However, I do have a quick caveat to that. There may be some potential drawbacks, which we discuss more in depth in the article, if the birthing person has expectations of advocacy that their doula is not able to fulfill. So, go to the article to learn more about advocacy expectations. In addition, when working with any professional in any field, there is a risk that the person you hire might not fulfill their obligations to you or might not be the right fit for you and your family. Doulas are a diverse group. They have a wide range of perspectives on skills and approaches to birth. And not every doula is the best fit for every birthing family. And we encourage people to meet with several before you decide on the final person, if possible. Likewise, doulas may decline to work with a client who has expectations that they cannot fulfill, who behaves towards them in an inappropriate manner, or who is dishonest to them. So before any doula or client signs an agreement, we believe it’s important for them both to have gone over their expectations and approaches to birth and have a mutual understanding and communication.

We also know that doulas are trained to provide support during labor, but they actually do so much more. They engage in wide range of forms of care and support. Some doulas care for people during the conception journey, through abortions, during and after miscarriage, in the weeks after childbirth, and at the end stages of life.

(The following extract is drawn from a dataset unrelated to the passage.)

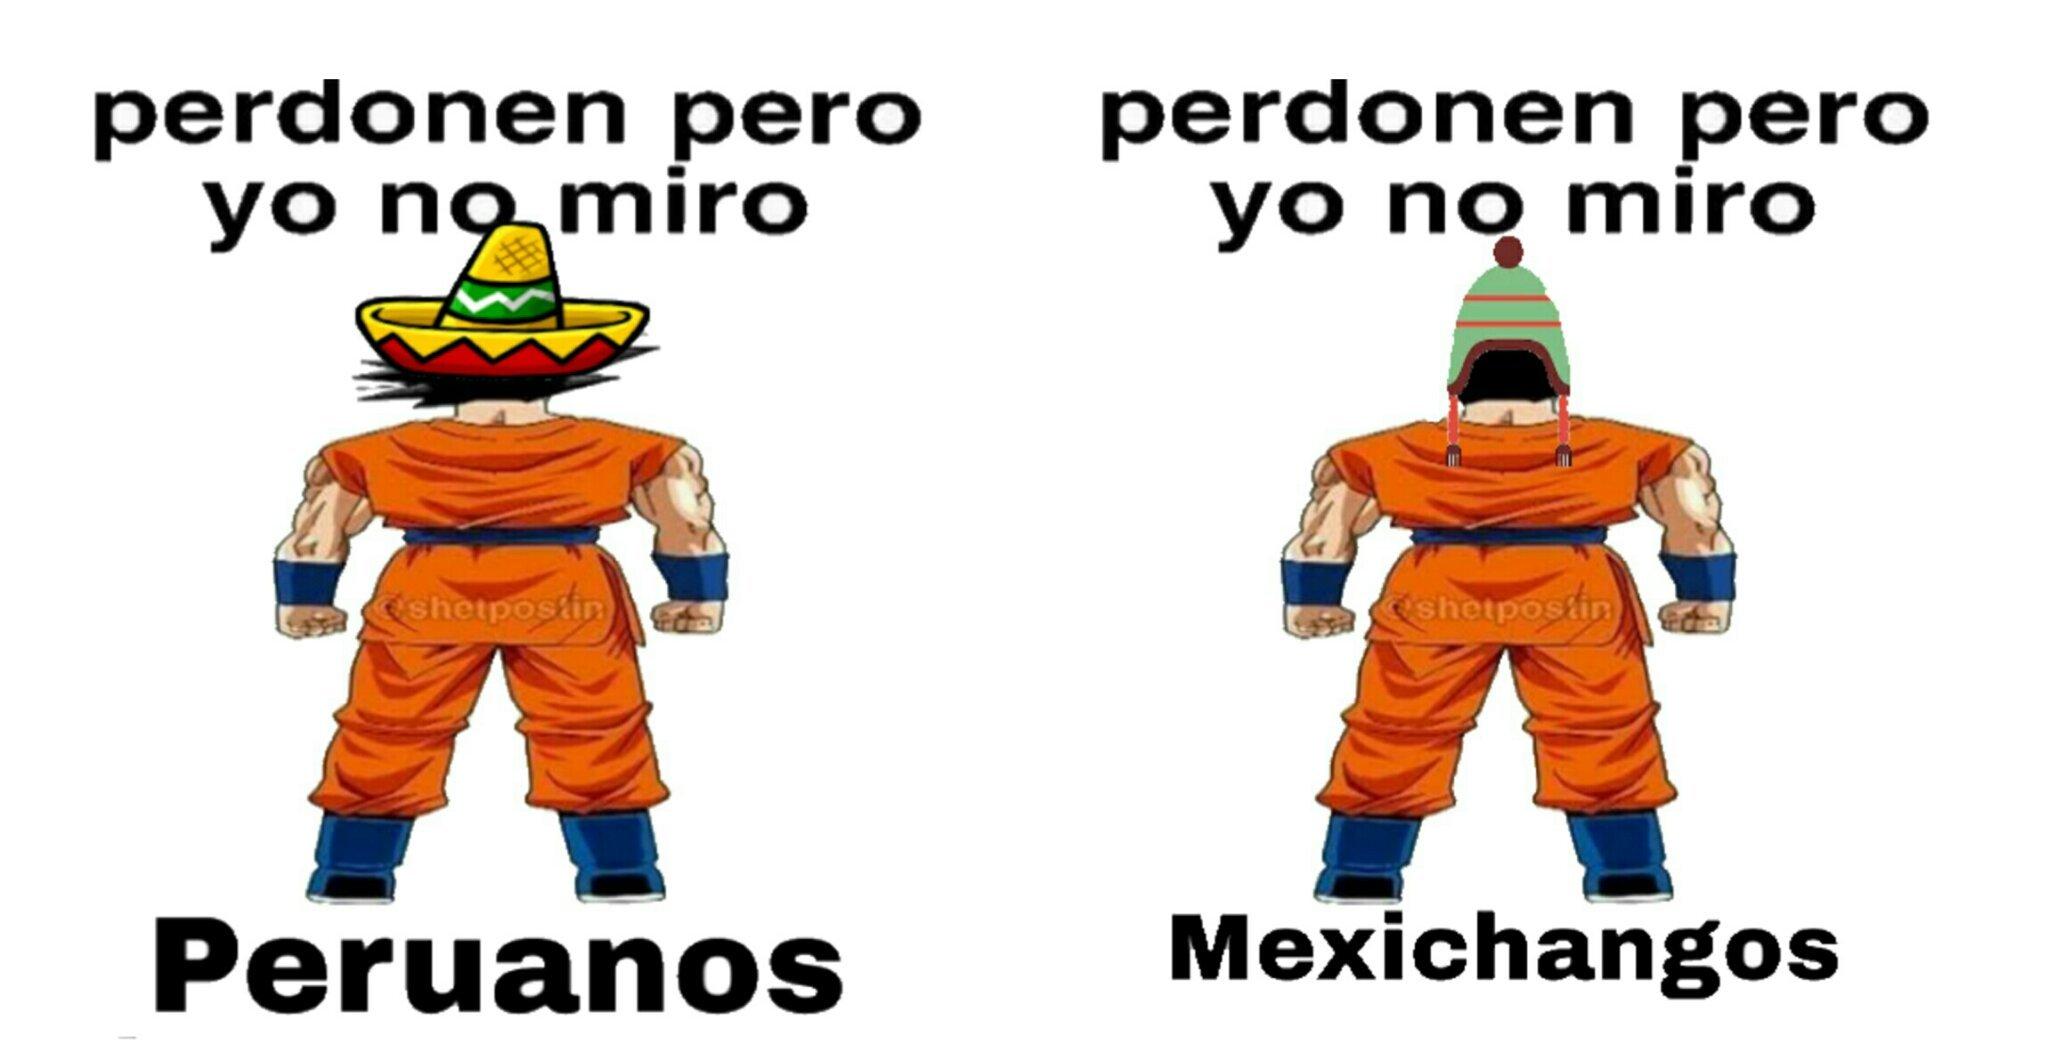 XDDDDDDDDDDDDDDDDDDDDDDDDD - meme

And there’s so many different kinds of trainings, certifications, traditions, perspectives on doula care. Research has really confirmed what we already knew and what a lot of families know. Doulas can make a big difference in your birth experience, but having a doula is not a magic wand. So doulas often work in broken healthcare systems, in the face of oppression, racism, homophobia, transphobia, and other -isms. And doulas need all of us to support them in advocating publicly for safer, more supportive birth settings. The doula’s role can also be made more difficult if you and your birth partner have limited knowledge about birth options when you go into labor. So educating yourself about birth as much as possible beforehand can really help equip you with skills that can be combined with the doula’s support.

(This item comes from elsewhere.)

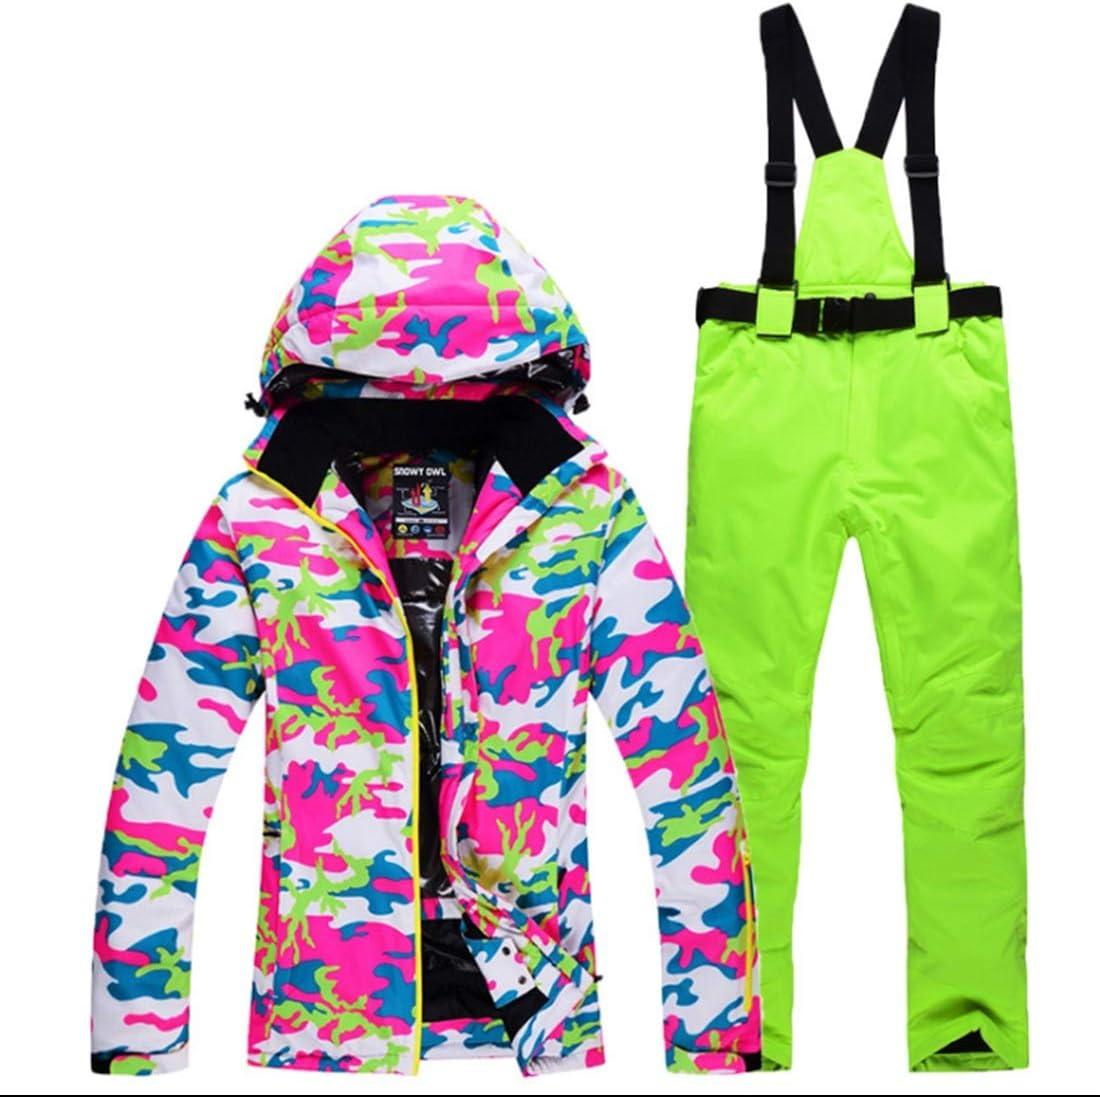 Wazenku 女性のマウンテンスキージャケット防水防風暖かい冬のレインコート (色 : 05, サイズ : S)  Small

We know we have people who listen to this podcast who are thinking about becoming a doula. If that is you, it’s important to consider what types of training you want to pursue and what your own approach to birth work may be. And it’s also important to recognize that this can be a demanding field where you may be exposed to challenging situations and traumatic births. So seeking out community support from other doulas can help you process difficult emotions and avoid burnout. But in conclusion, we believe that the evidence shows that doulas provide important benefits for clients, birthing families, entire communities, as well as for hospitals and medical systems. Therefore, doulas should be viewed and valued both by parents and providers as valuable evidence-based members of the birth care team. So that wraps up the article. I did want to let you know again that you can go to ebbirth.com/doulas to learn more, get more in-depth info about all these topics we covered today. Look at our list of resources. We have tons of lists for you, lists of different interviews, lists of interview questions, that one-page handout that’s really helpful to download all of the scientific references. We link to them at the bottom of the article. And there’s a list of directories as well to find doulas. So overall, we hope that you get a lot of help out of this information being published and that you share it widely so that more people can also learn about the benefits of doulas. Sara, any final words from you?

Sara Ailshire:
No, it was just a really, I always enjoy contributing to the Signature Articles and getting to do the deep dive into the research. And, you know, really it was fun working with you and with Ihotu on this article. And yeah, I just, I owe a lot personally, professionally to the different types of care that I’ve received from doulas, even, you know, as a researcher. And it was really gratifying to be able to use the research, use the evidence to talk about, you know, the importance of the work that they do.

Dr. Rebecca Dekker:
Yeah. If you’re listening to this and you’re a doula, we appreciate you and you are valued. You are evidence-based. Hopefully you already knew that, but it’s sometimes nice to have that affirmation of like, yes. You are doing great work. So thanks everyone for listening. Again, thank you to our co-authors Sara Ailshire and Ihotu Ali. We would also like to extend our gratitude to our expert reviewers for giving us valuable feedback and critique of this article before publication: Rhonda Fellows (doula and doula trainer at Community Aware Birthworker), Heather Christine Struwe (birth doula trainer at Community Aware Birthworker) and Cristen Pascucci, founder of Birth Monopoly. Thanks everyone for listening and I’ll see you next week. Bye.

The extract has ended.